## What the task asks
Find the string "left" in the listing and report every line that has it.

## Data for the task
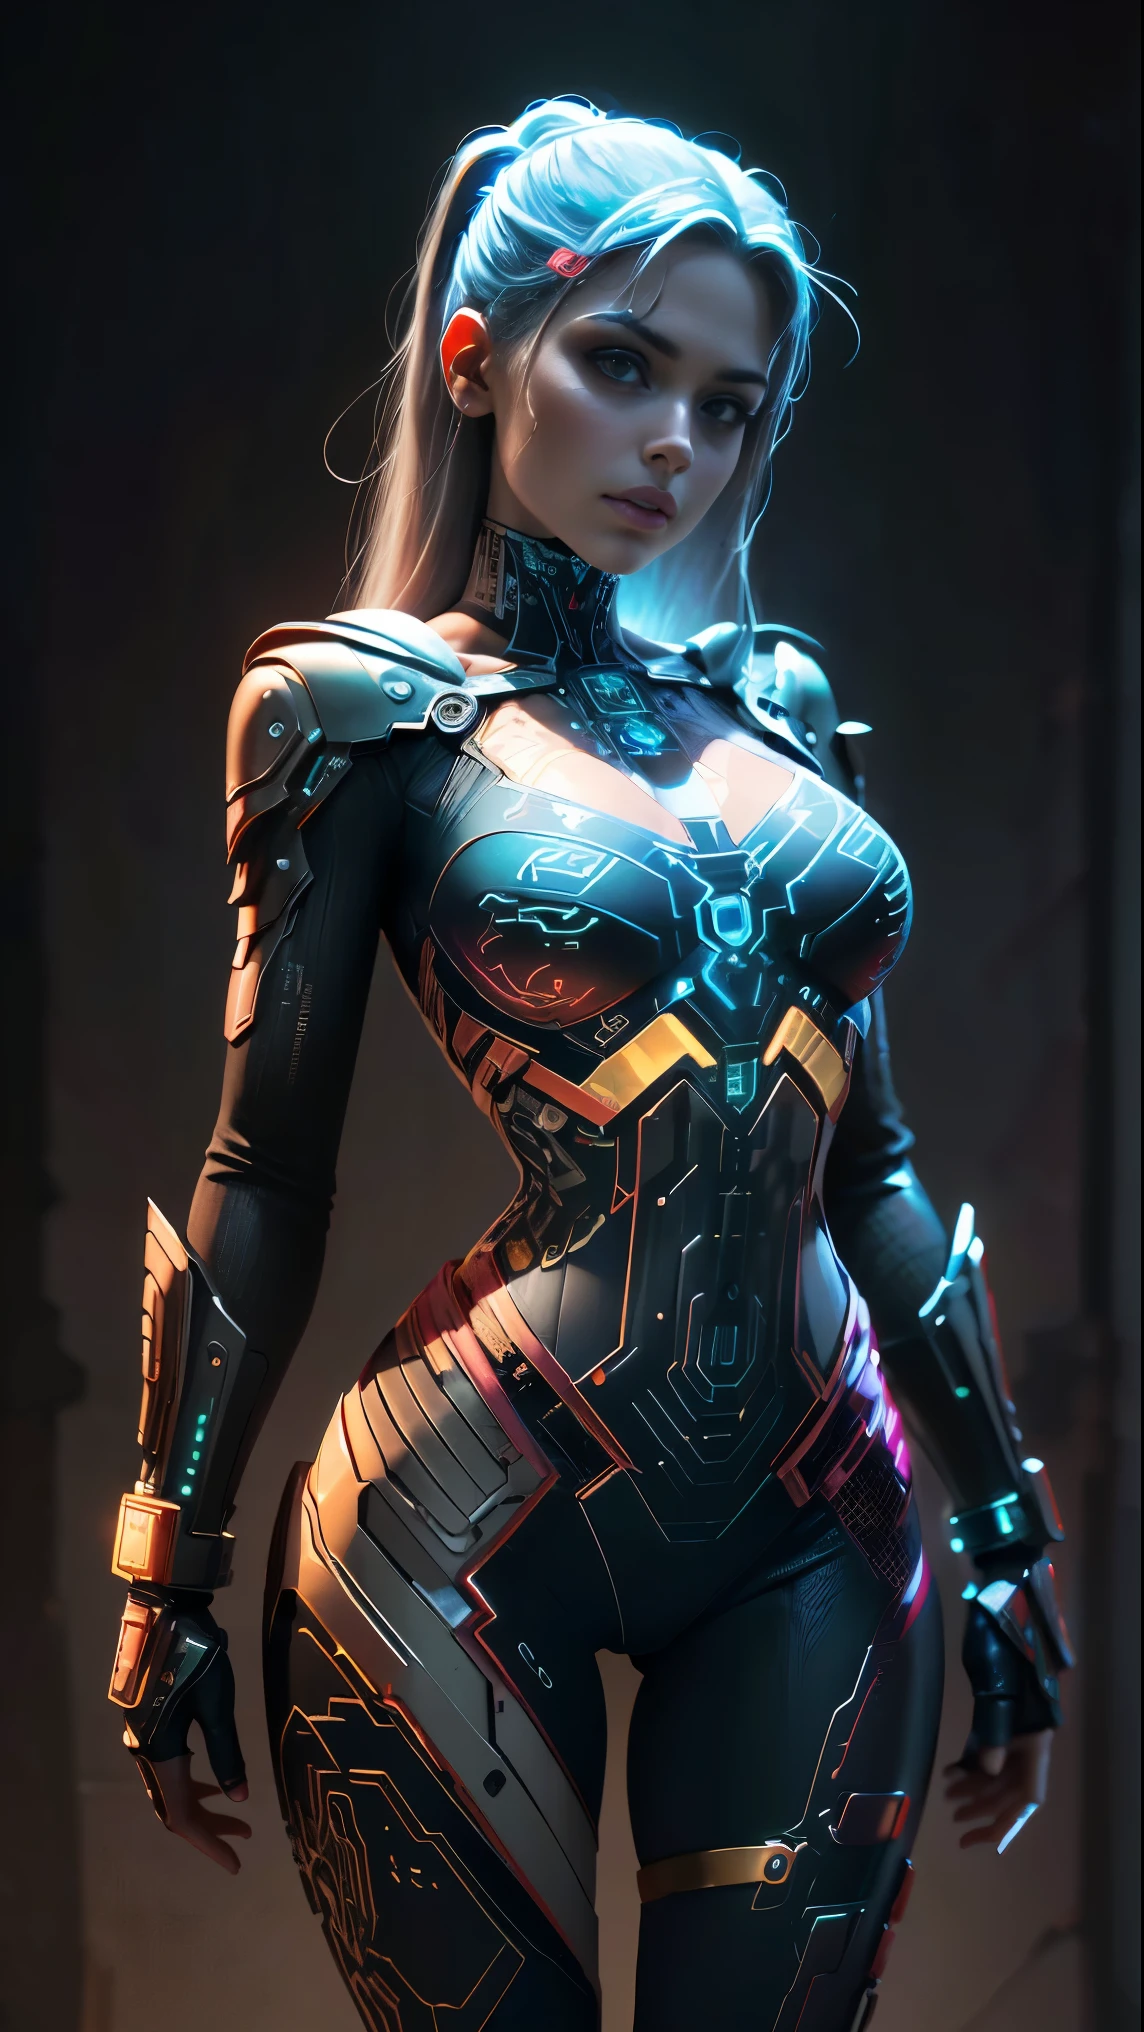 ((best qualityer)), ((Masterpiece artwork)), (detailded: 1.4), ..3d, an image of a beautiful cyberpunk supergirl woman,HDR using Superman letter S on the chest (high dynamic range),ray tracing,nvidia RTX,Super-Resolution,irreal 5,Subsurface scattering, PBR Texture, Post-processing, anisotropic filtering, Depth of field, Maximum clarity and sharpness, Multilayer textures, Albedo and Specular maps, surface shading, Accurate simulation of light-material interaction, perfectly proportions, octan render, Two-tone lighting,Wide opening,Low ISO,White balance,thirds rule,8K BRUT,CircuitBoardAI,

* * *

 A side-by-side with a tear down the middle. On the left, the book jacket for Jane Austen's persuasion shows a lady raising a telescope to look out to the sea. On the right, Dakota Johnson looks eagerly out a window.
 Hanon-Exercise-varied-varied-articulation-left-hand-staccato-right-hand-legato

---

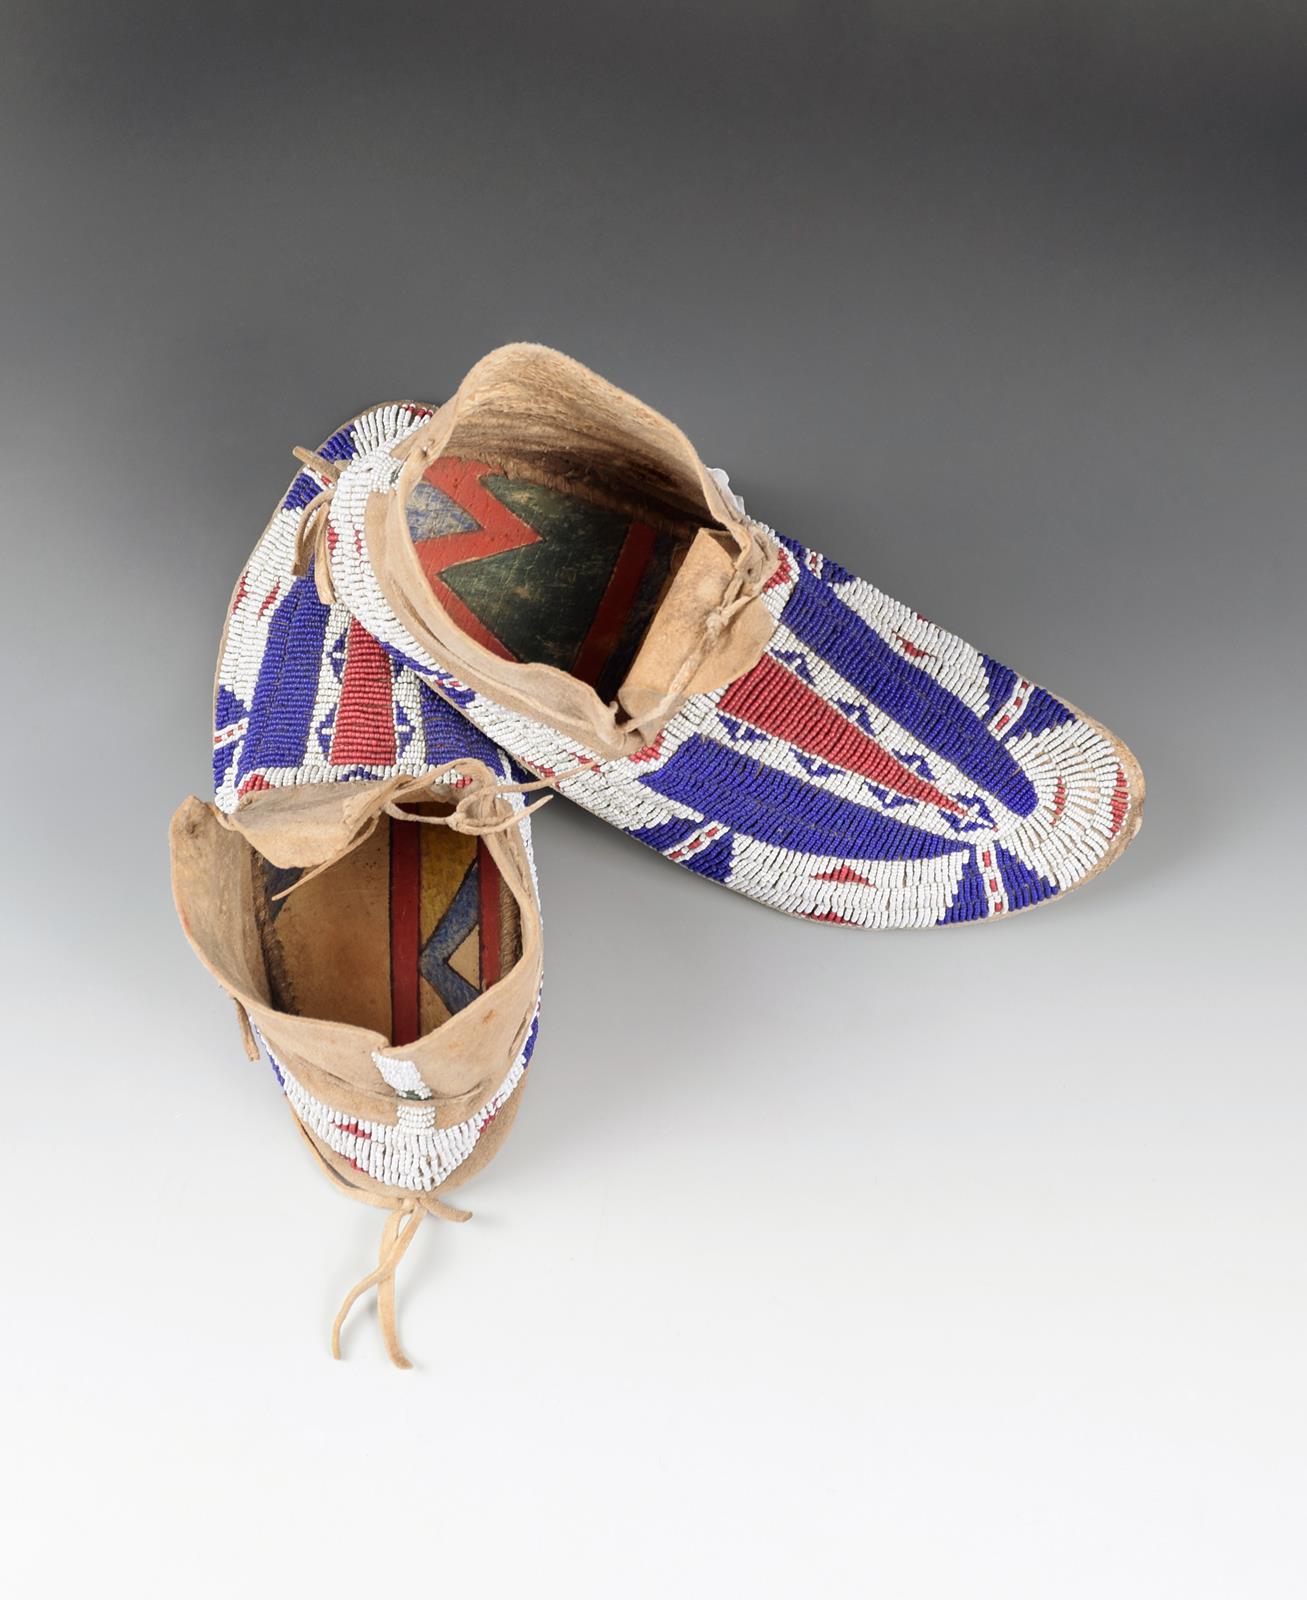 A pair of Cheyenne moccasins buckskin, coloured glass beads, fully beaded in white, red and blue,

## Solution for this task
 A side-by-side with a tear down the middle. On the left, the book jacket for Jane Austen's persuasion shows a lady raising a telescope to look out to the sea. On the right, Dakota Johnson looks eagerly out a window.
 Hanon-Exercise-varied-varied-articulation-left-hand-staccato-right-hand-legato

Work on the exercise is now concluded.